If you do get round to offering real private repos, I'd expect client side decryption so that everything on the server is encrypted and unreadable by mbed.

You can do this with git, not sure about mercurial.

13 Nov 2012

Hi mbed guys,

Any timeframe until we can expect private access to the repository (either directly through Mercurial or by a fast-export option as interim solution)?

regards Wim van der vegt

13 Nov 2012

Hi Wim,

Timescale: This was something we were going to look at the first half of next year, depending on other demand and priorities.

Pricing: Obviously all TBD, but what I'd really like to enable (and I hope will have real value to people) is to help the companies and individuals who want to contract out work to others on mbed to get access to additional skills to help them build their projects faster/better or even at all! If you can easily tap in to the skilled developers on mbed to help get your product built, everyone is a winner (you get help building your product, someone else earns money for doing great work, our platform is even better at increasing productivity!).

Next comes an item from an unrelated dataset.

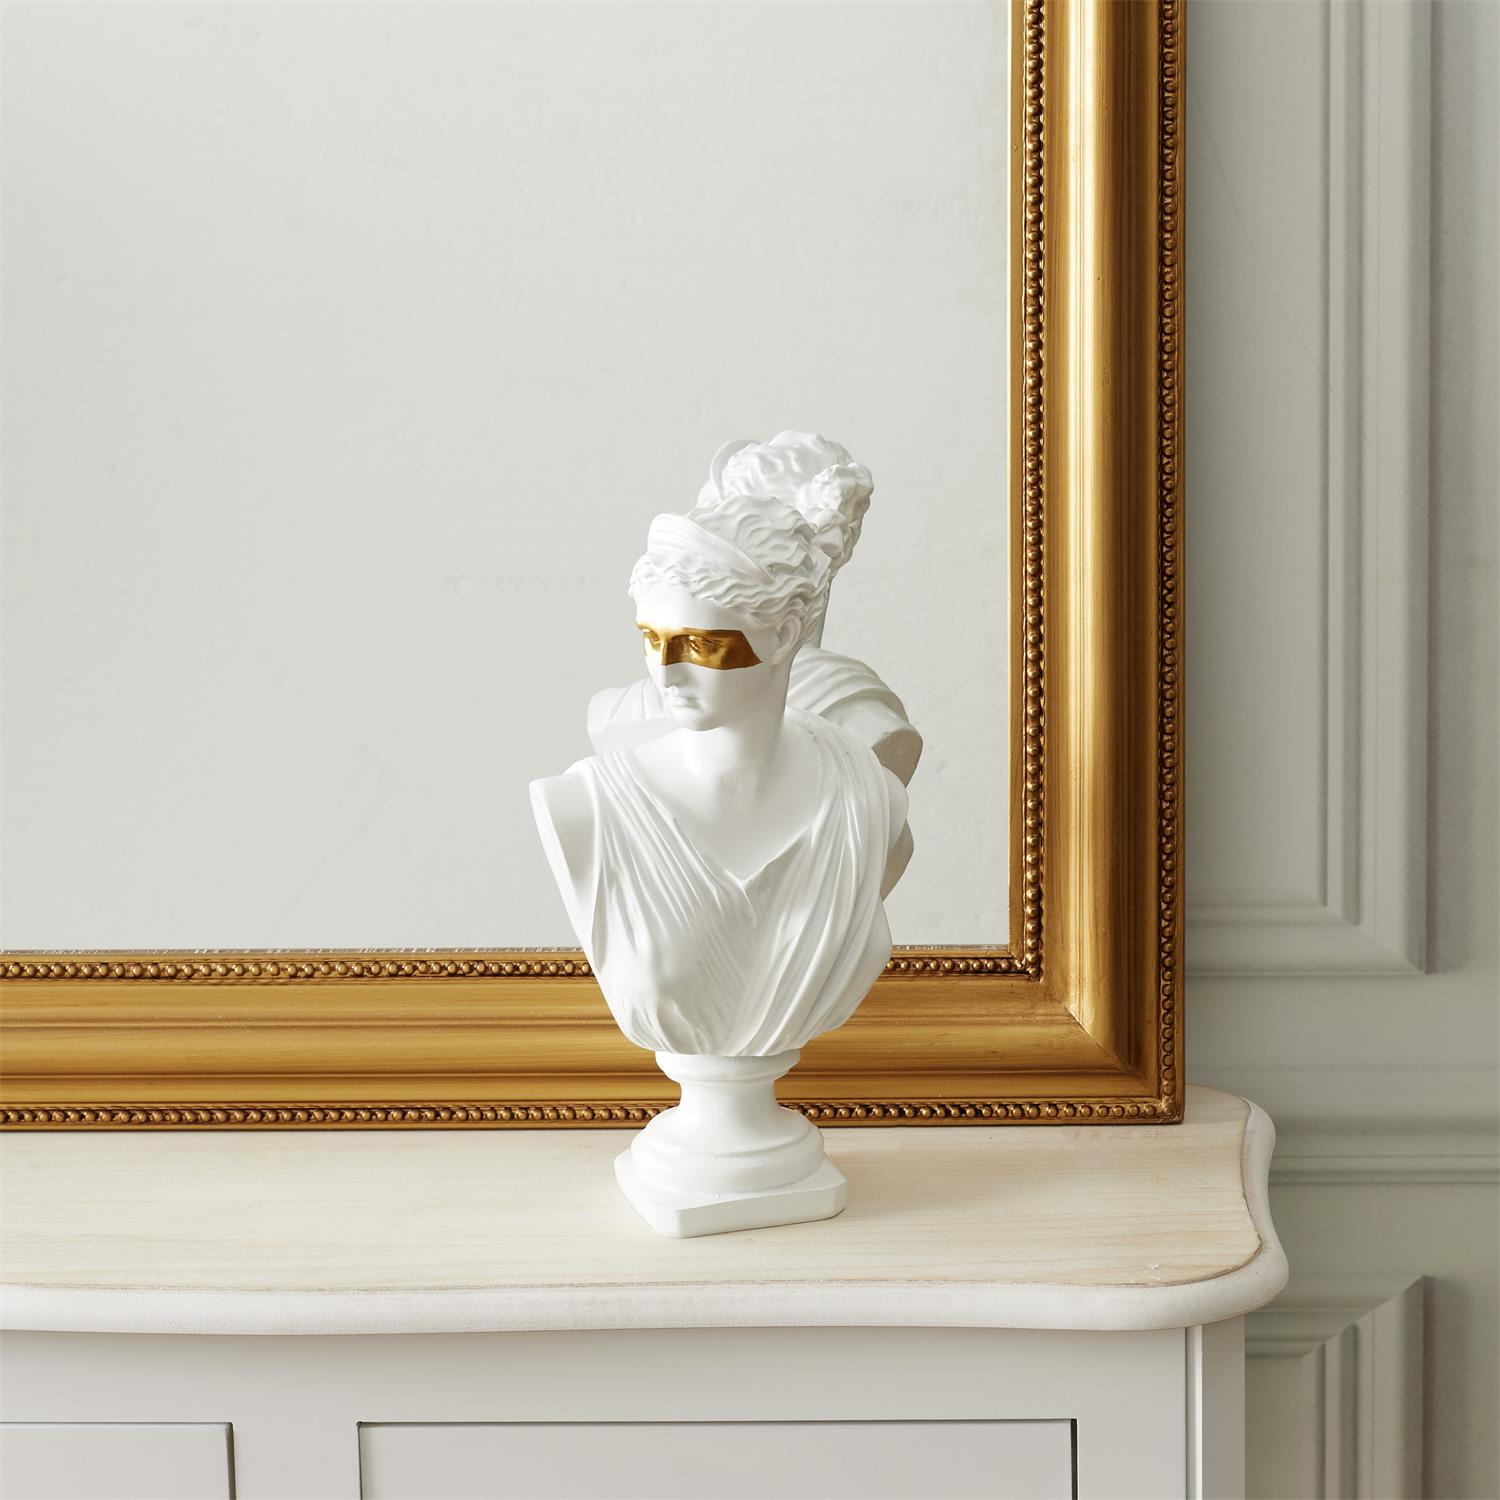 Statut buste decoratif resine deco blanc or figure original masque dore royal femme homme grec art monde sculpture grecque figurine decoration mannequin socle contemporain 5

The platform should be able to give reassurance of expertise/skills by what people have published to choose who to work with, and then provide a really easy environment to work within via private collaboration etc, so I really think this could enable amazing collaborations that otherwise would never occur. It also means as a skilled developer on mbed, i'd hope there should be easy ways for you to earn money by contracting your time!

As a first approximation, you can imagine you might pay $30-60/hr for a good developer who could really help you (from a quick check on elance/odesk/etc), which equates to approximately $5k-10k/month. I'd want the cost associated with that value we brought to enable and execute that collaboration to be a meaningful amount (so we create real income to allow us to invest even more) but by comparison to the contracting itself be somewhat insignificant. So assuming 5% premium on that cost would give $250-500/month for making that contracting relationship happen and be really effective. My gut feel from that price is that'd be about right at the top end of the scale for someone who could really enable their business/product based on FT contracting, but i'd also expect to have a lower tier for those who use it less actively or different scenarios as that won't be good value for some scenarios. So that would suggest the pro features would be in the $50-$500/month range makes sense.

No doubt that'd feel expensive for people who don't have a use for or value those things, but for the percentage that really do, it should be excellent value that opens up new opportunities for their businesses. There may be some other features that would be specifically useful for those who want to go to production. But we'd still like to be free for the initial personal prototyping (whether commercial or not), and for open source collaboration which helps everybody, so wouldn't want to inhibit these general broad base of users.

Hope that sounds good!

Simon

14 Nov 2012

Hi

You're usecase is valid for large teams and hired people, but not for small firms or private developers that only want their sources (and history) to be stored in more that one place.

I only find it acceptable in scenario like: if you sell a single mbed, have a large team of 10+ people all working through Mercurial and they would be developing custom hardware so never buy a second mbed.

So the pricing range from $50-$500 sounds imho and in my case pretty outrageous, and i'm being mild (especially because you also sell the hardware and I hope make a living/profit from that). Note: I'm talking about my usecase where i want to have a backup including history.

For this amount of money I could easily/better buy a stand-alone ide like Kiel and leave the mbed site/compiler for what it is.

Mercurial is not always about working together but it's also a version control system that can be used for versioning and keeping history of development.